Anonymous wrote:Create a new routine.
Every morning, send each other a silly photo.
Every Friday, go out to eat or get takeout and watch a movie. Have a countdown and check it off then.
See if any friends or family of the at home spouse want to come visit. Or take a halfway trip. Your kids are the perfect age for Dutch Wonderand--and that is the kind of set up one parent could handle.
Basically, always have something in the immediate future to look forward to--and a daily fun something.
Anonymous wrote:Anonymous wrote:Anonymous wrote:Anonymous wrote:YOu guys know that military families and even state department families on some postings do this all the time right? And for longer than three months? It seems so unbelievably naive and sheltered to think this is unheard of. For some it really is the norm and you know what, they survive.
Come on, that is some super small percentage of the overall population.
That's not the point.
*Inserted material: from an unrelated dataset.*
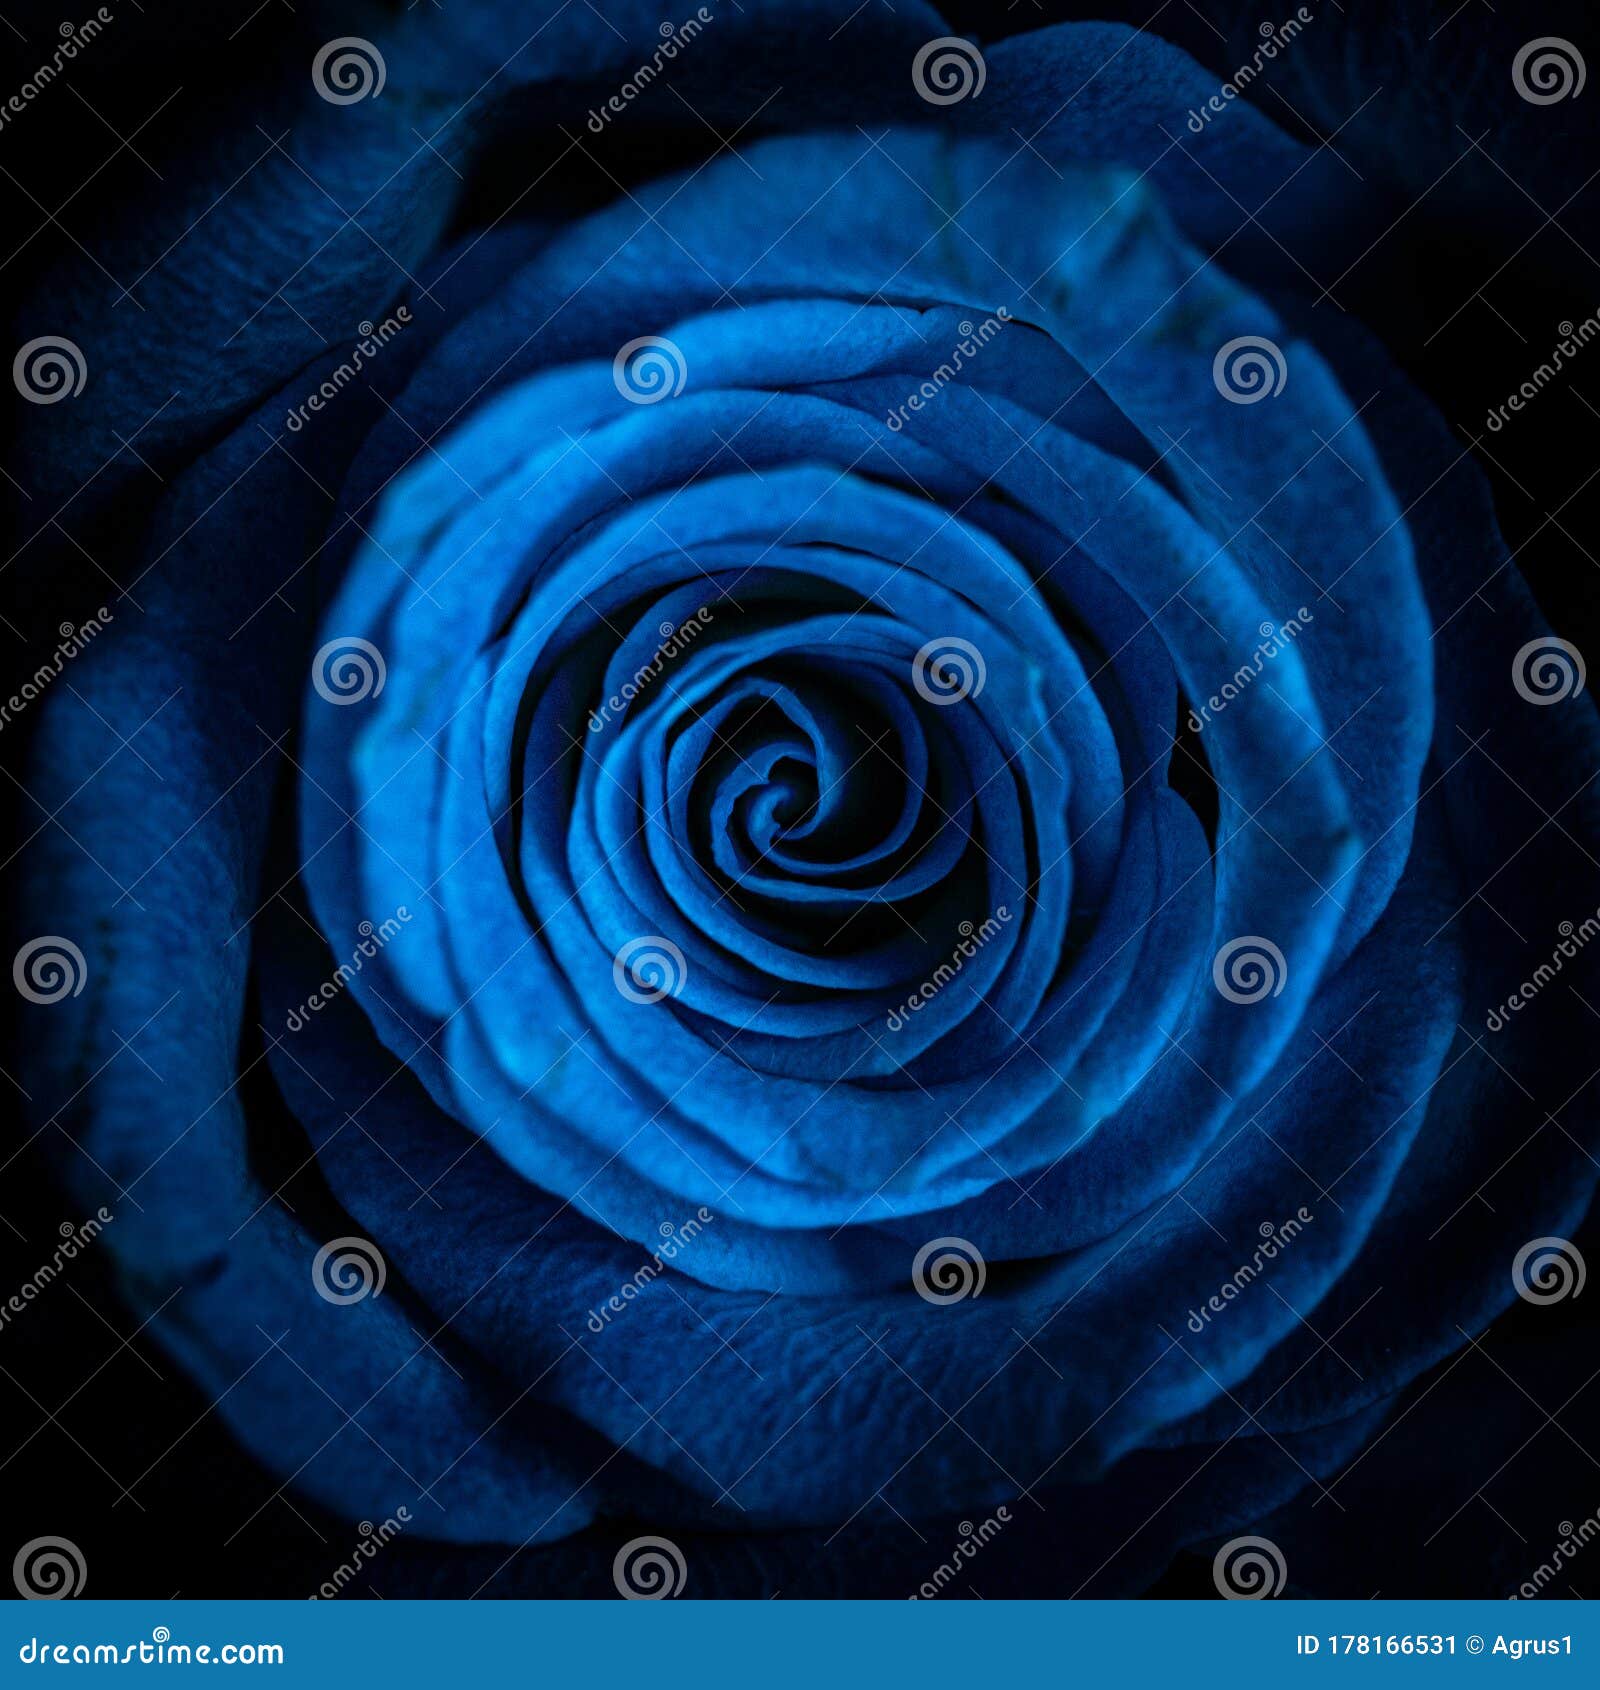 Blue Rose on Black Background Stock Image - Image of valentine
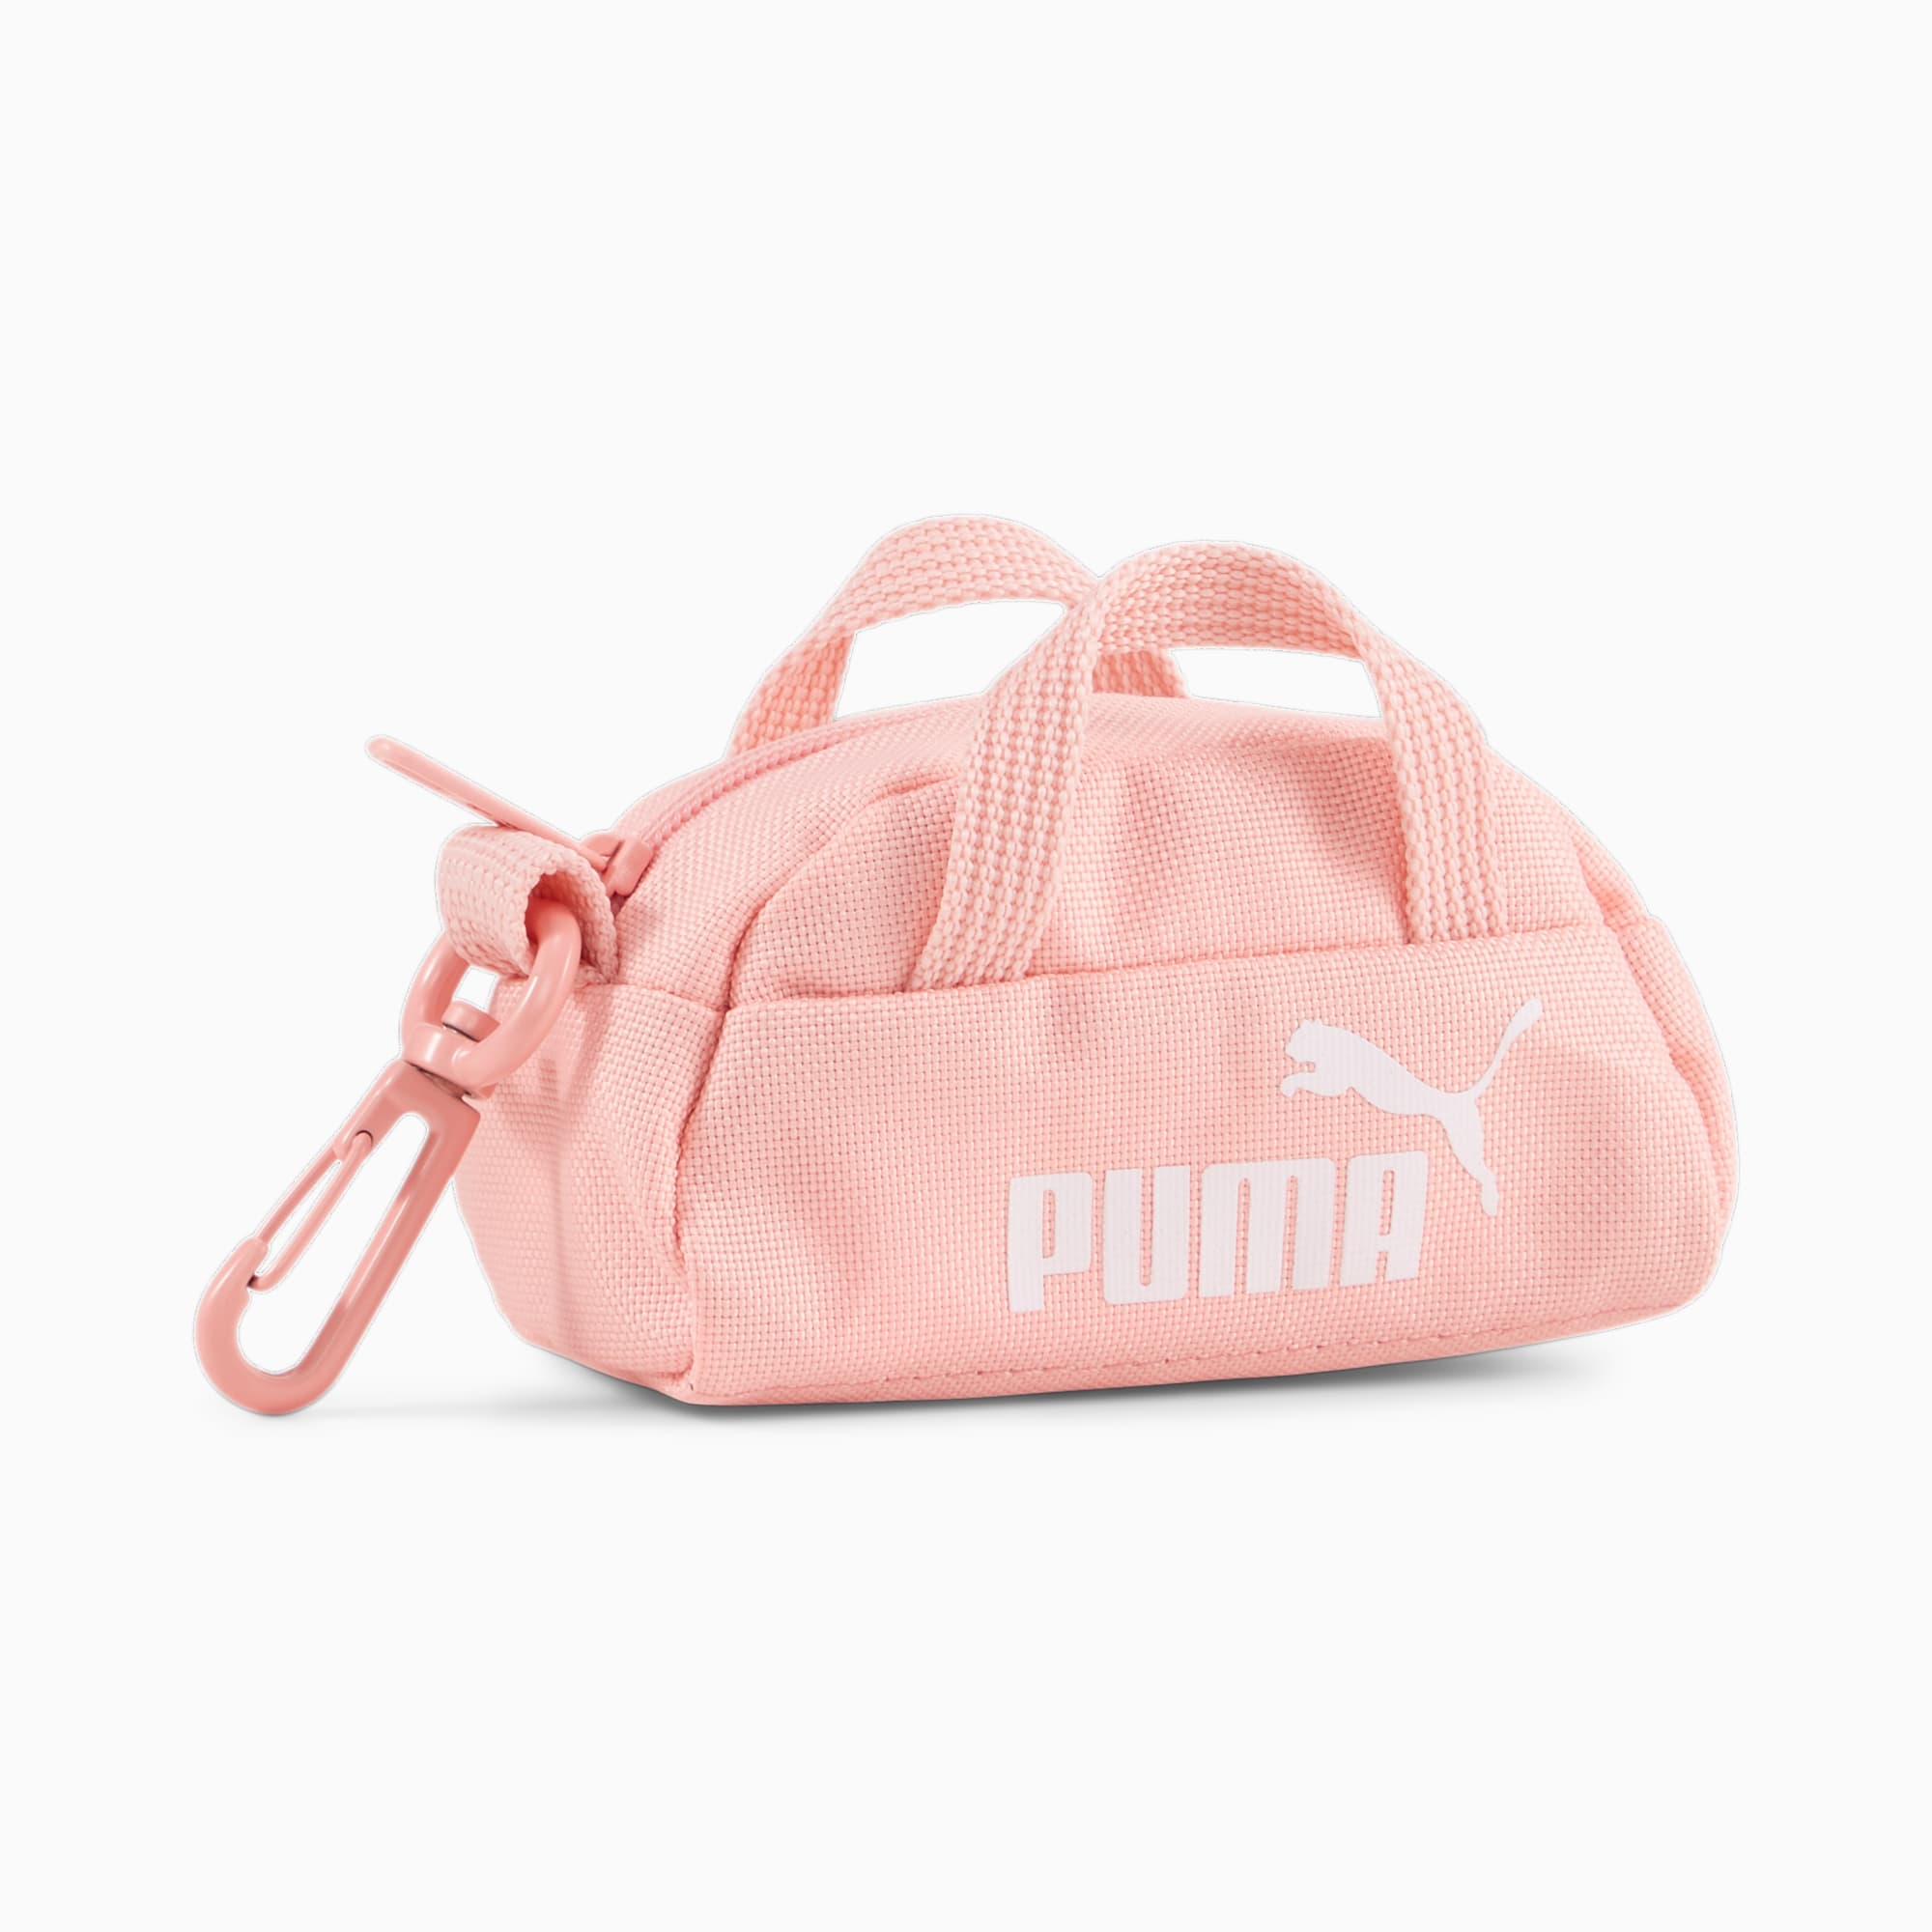 PUMA Phase Bag | Puma PUMA Shop All Sports Tiny | PUMA

The point is that children can be separated from a parent without lasting emotional trauma (or ANY emotional trauma). And, OP's kids don't have to worry about her getting shot at or blown up like military kids do. So this situation is much better.
Military families make ends meet. They dedicated themselves to the military knowing ahead what the outcome could be.
This sounds like some elite working mom that has nannies raising the kids anyway. Will probably ship them off to boarding school soon enough.
Anonymous wrote:Anonymous wrote:Anonymous wrote:Anonymous wrote:Anonymous wrote:Anonymous wrote:Many thanks to the PPs who took the time to write supportive responses. Bedtime tonight was the usual wrangle, but as I got them to wind down I had that sinking feeling as I thought about how much I'm going to miss them. But yes, I am doing this for them even more than for myself.
lol keep telling yourself that.
How so?
Well, let's see. If I don't go, I will be fired and will never work in this industry again as I will burn every bridge I've built over a decade. Without my salary, we won't be able to pay our mortgage. Those seem like important reasons to me. I understand that you disagree, but it isn't your life or family. I am doing what I think is best and I'm not questioning my decision.
Can I ask you honestly:
Do you really think they would fire you?
Aren't you being dramatic about never working in the industry because you chose not to leave your kids for three months?
I can't imagine a workplace would fire someone.
Couldn't you find another job?
You seem naive. Do you work?
Yes I do work.
Anonymous wrote:OP here. Amongst the needless barbs being thrown at me from all directions, there are a bunch of excellent ideas here. I really appreciate everyone's input!
This thread also has been an eye opener. Rabenmutter? Really?
Anonymous wrote:Anonymous wrote:Anonymous wrote:YOu guys know that military families and even state department families on some postings do this all the time right? And for longer than three months? It seems so unbelievably naive and sheltered to think this is unheard of. For some it really is the norm and you know what, they survive.
Come on, that is some super small percentage of the overall population.
That's not the point. The point is that children can be separated from a parent without lasting emotional trauma (or ANY emotional trauma). And, OP's kids don't have to worry about her getting shot at or blown up like military kids do. So this situation is much better.
Anonymous wrote:Honestly? I would pass on the assignment, up to and including resigning. I know it's not what you want to hear, but there's no way I'd leave my kids (2 and 5) for three months.
My DH did a 3-month stint overseas when our first was 2, and his relationship with DC hasn't really ever recovered. It has made me extremely conservative about spending time apart as a family. I feel for military families who deal with deployments -- it is incredibly tough.
Anonymous wrote:Anonymous wrote:YOu guys know that military families and even state department families on some postings do this all the time right? And for longer than three months? It seems so unbelievably naive and sheltered to think this is unheard of. For some it really is the norm and you know what, they survive.
Come on, that is some super small percentage of the overall population.